Prototyping

Filtering our user-centered research experiences into a more refined set of findings and takeaways, we used what we learned to inform us as we brainstormed several installation ideas to present to the exhibition coordinators at the Children’s Museum. Based on their feedback, we derived a robust vision which we could begin prototyping in earnest using an iterative design method. This method is a cyclic process. At each step, the design of a product is refined and prototyped. This prototype is tested, with the evaluation of the results contributing to the refinements in the next step of the cycle. If you’d like to see the final prototype resulting from this process, please visit our homepage.

Visioning

Each of our visions tried to engage the theme of persistence in The Very Clumsy Click Beetle in a different manner. For example, some focused on the giving and receiving of positive encouragement. Another approach involved setting and achieving of challenging goals. Other visions were about enabling physical play and movement. The ideas that we felt were best at representing these topics were turned into storyboards. The Children’s Museum provided feedback on these, which helped us to develop a final proposal for the installation. Below you can find four of the storyboards that we presented.

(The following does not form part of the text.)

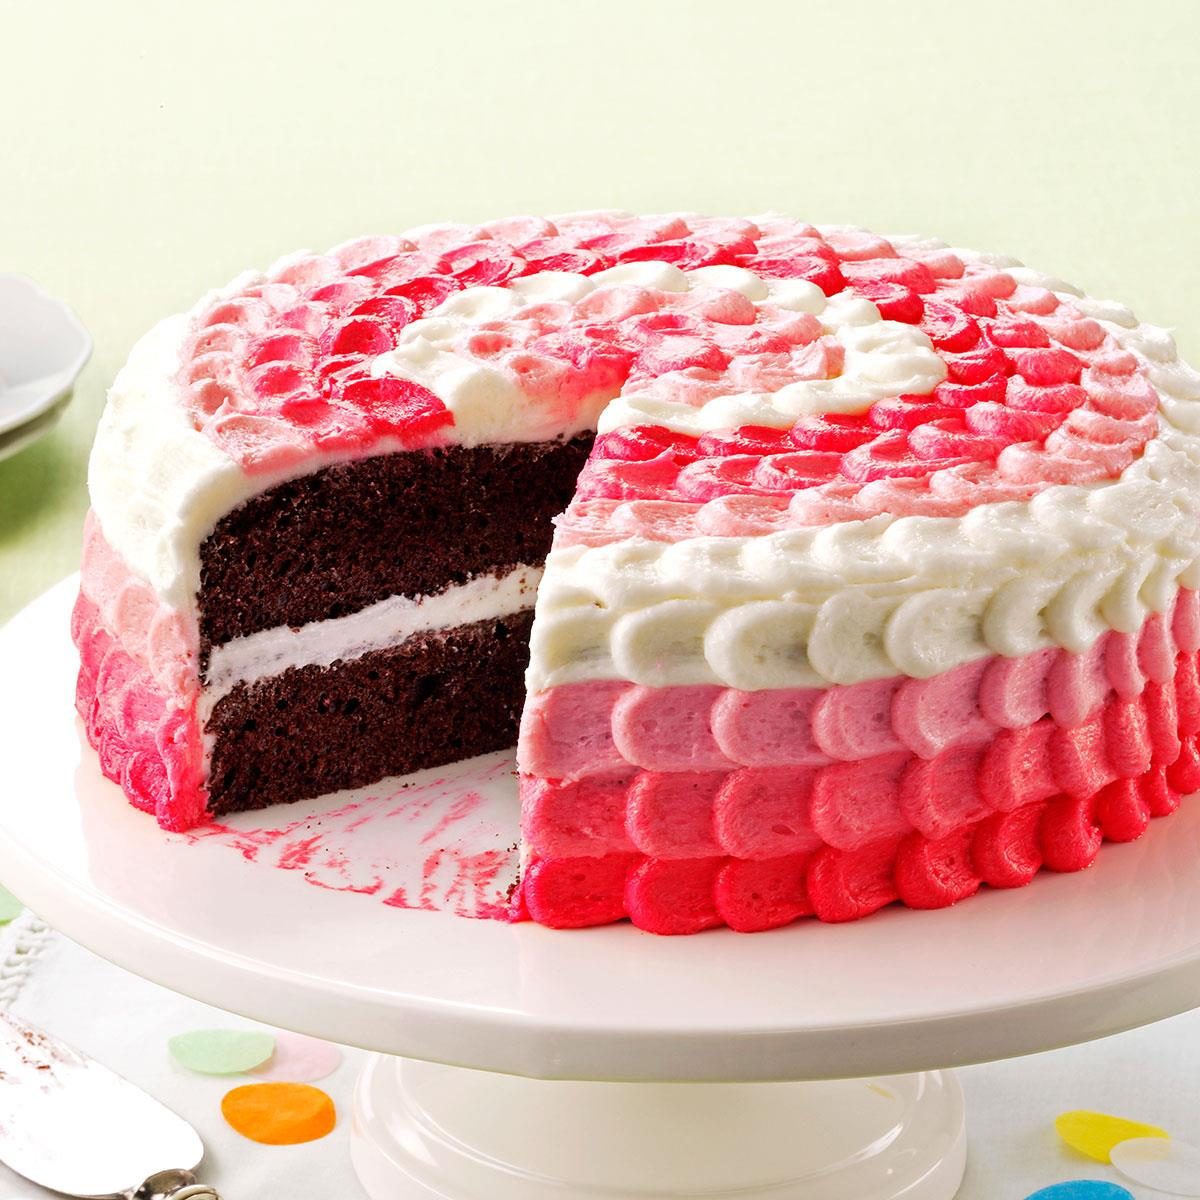 Cake Terms - Icing, Decorating, and Accessories

Enabling Physical Play and Movement

This installation idea is divided into two components: a screen onto which an animated click beetle is being projected, and a springy ramp. The beetle, stuck on his back, would struggle to right himself but could not do so on his own. By jumping on top of the ramp repeatedly, viewers would be able to launch the click beetle into the air so that it could eventually flip back onto his feet. Feedback: The museum wished to avoid overt use of technology and a reliance on projection screens.

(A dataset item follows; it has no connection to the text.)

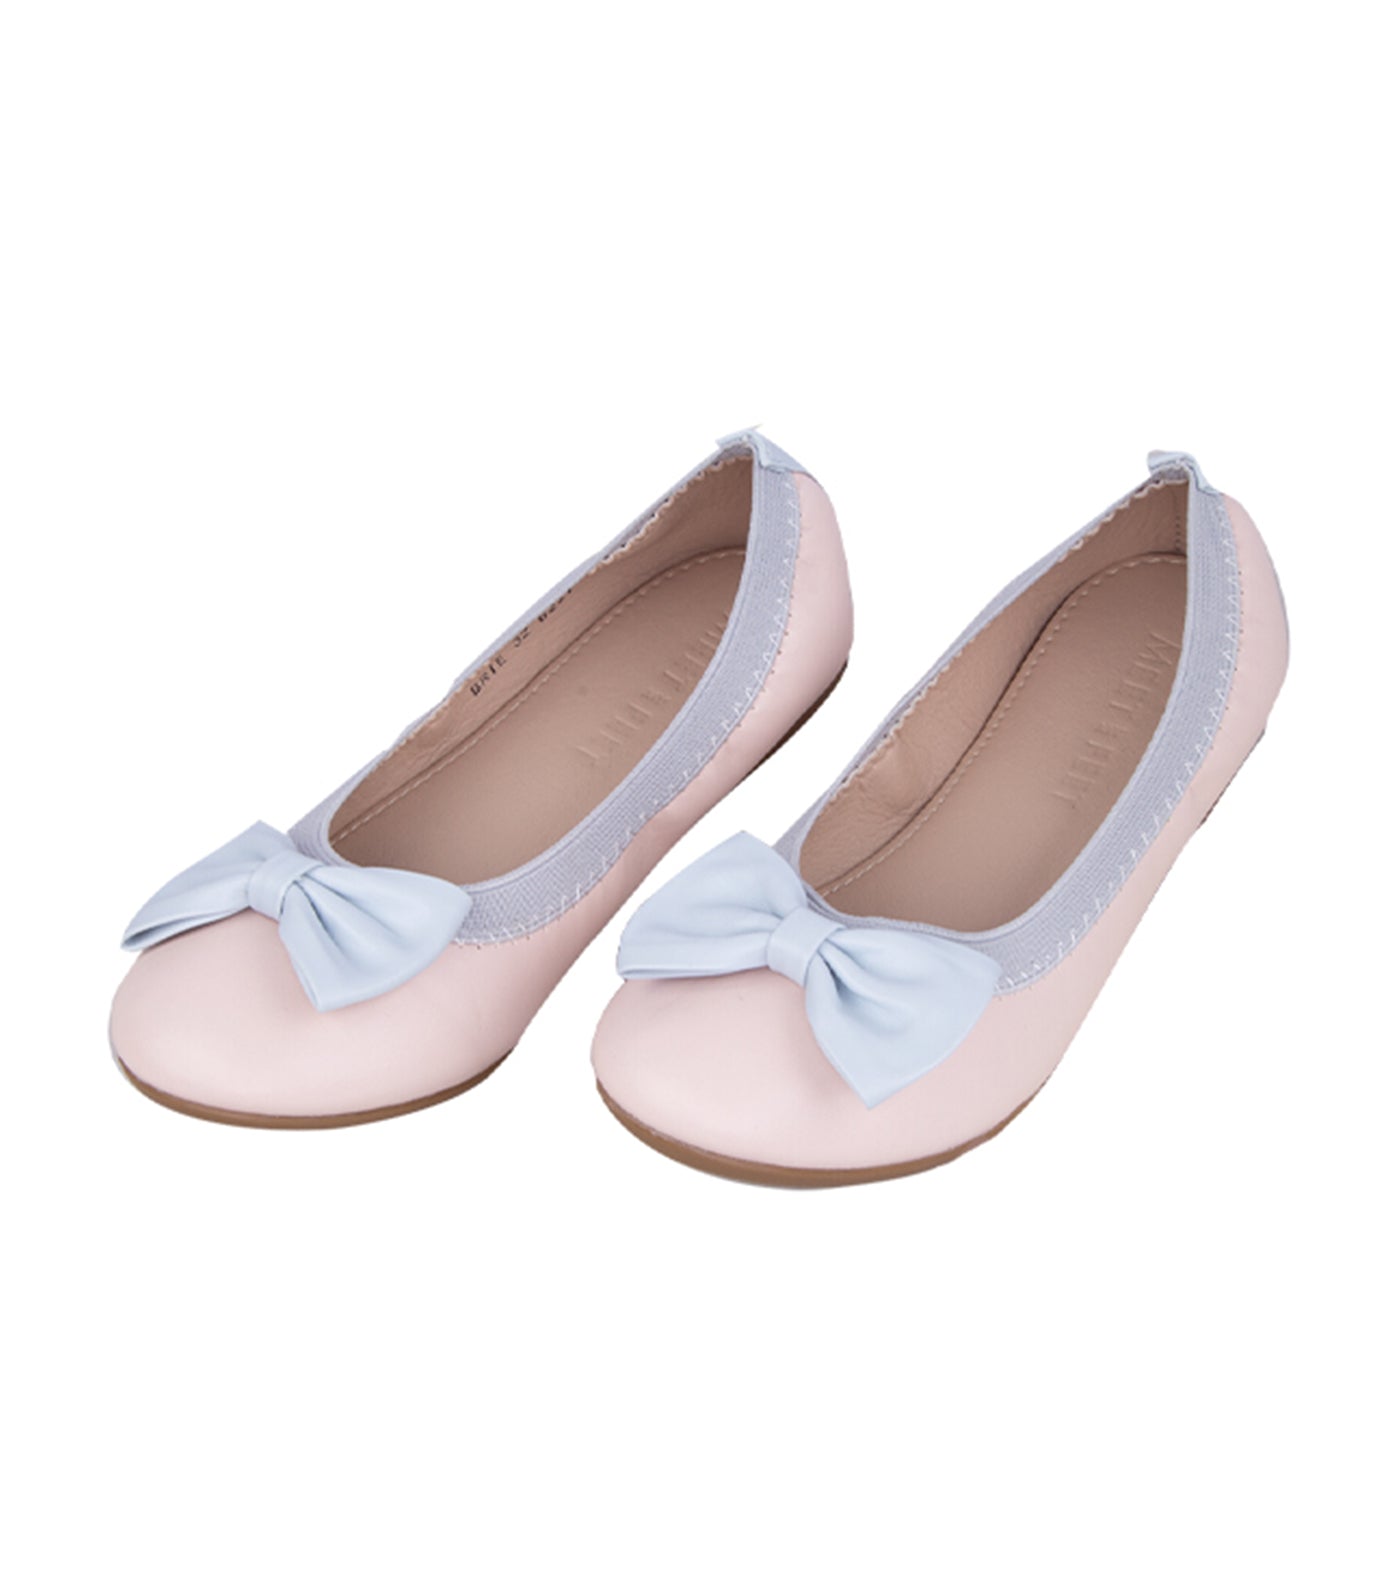 Brie Kids Flats for Girls - Pink

With this proposal we wanted to encourage children to perform a challenging physical task – in this case, a somersault. One half of a wall would show a step-by-step diagram of a click beetle doing a somersault. When children stood in front of the other half, they would see themselves placed in the landscape of the book, the characters encouraging them to somersault. By performing one, children would take the place of the click beetle and better understand the book’s message of persistence. Feedback: An unexpected problem was the fact that many younger children wouldn’t see the diagram as a progression of movements being performed by one click beetle. Instead, they would just see four click beetles.

Setting a Goal

Here, our idea was less centered on the click beetle itself and more focused on a personal challenge. On a wall of the exhibition there would be images of three encouraging animals from the book. For each animal there would be a set of toy click beetles with a small challenge printed on the back – for example, “learn to whistle”. The height the click beetle challenges would be placed at would indicate how complex the task was. This allows taller, older children to reach the more difficult tasks. If children completed the task they chose, they could put it in the “whirler”, a glass apparatus which would blow the click beetles around in celebration. If children could not complete their task, they would place their click beetle back on the wall. The animals would then give them gentle encouragements. Feedback: The idea was more suited to an event or workshop than an installation, as it would require constant supervision on the part of the staff. The “whirler” also seemed a tad anticlimactic as a reward for completing a complex task.

Positive Encouragement

Here we revisited the idea of helping the click beetle flip back onto his feet. A projection on the wall would show several beetles on their backs, all struggling. In the book, the click beetle is visited by a variety of animals that encourage him along the way. Children would take on this role by coming up to the screen and verbally encouraging a beetle of their choice. The more emphatically they encourage, the higher a beetle would flip in the air. If multiple children used the installation, there would be an added competitive element in seeing who could get their beetle to go higher. Feedback: Much like before, the museum wished to avoid overt use of technology and a reliance on projection screens. Furthermore, it wasn’t feasible to program voice recognition capable of consistently differentiating between abusive shouting and encouraging shouting.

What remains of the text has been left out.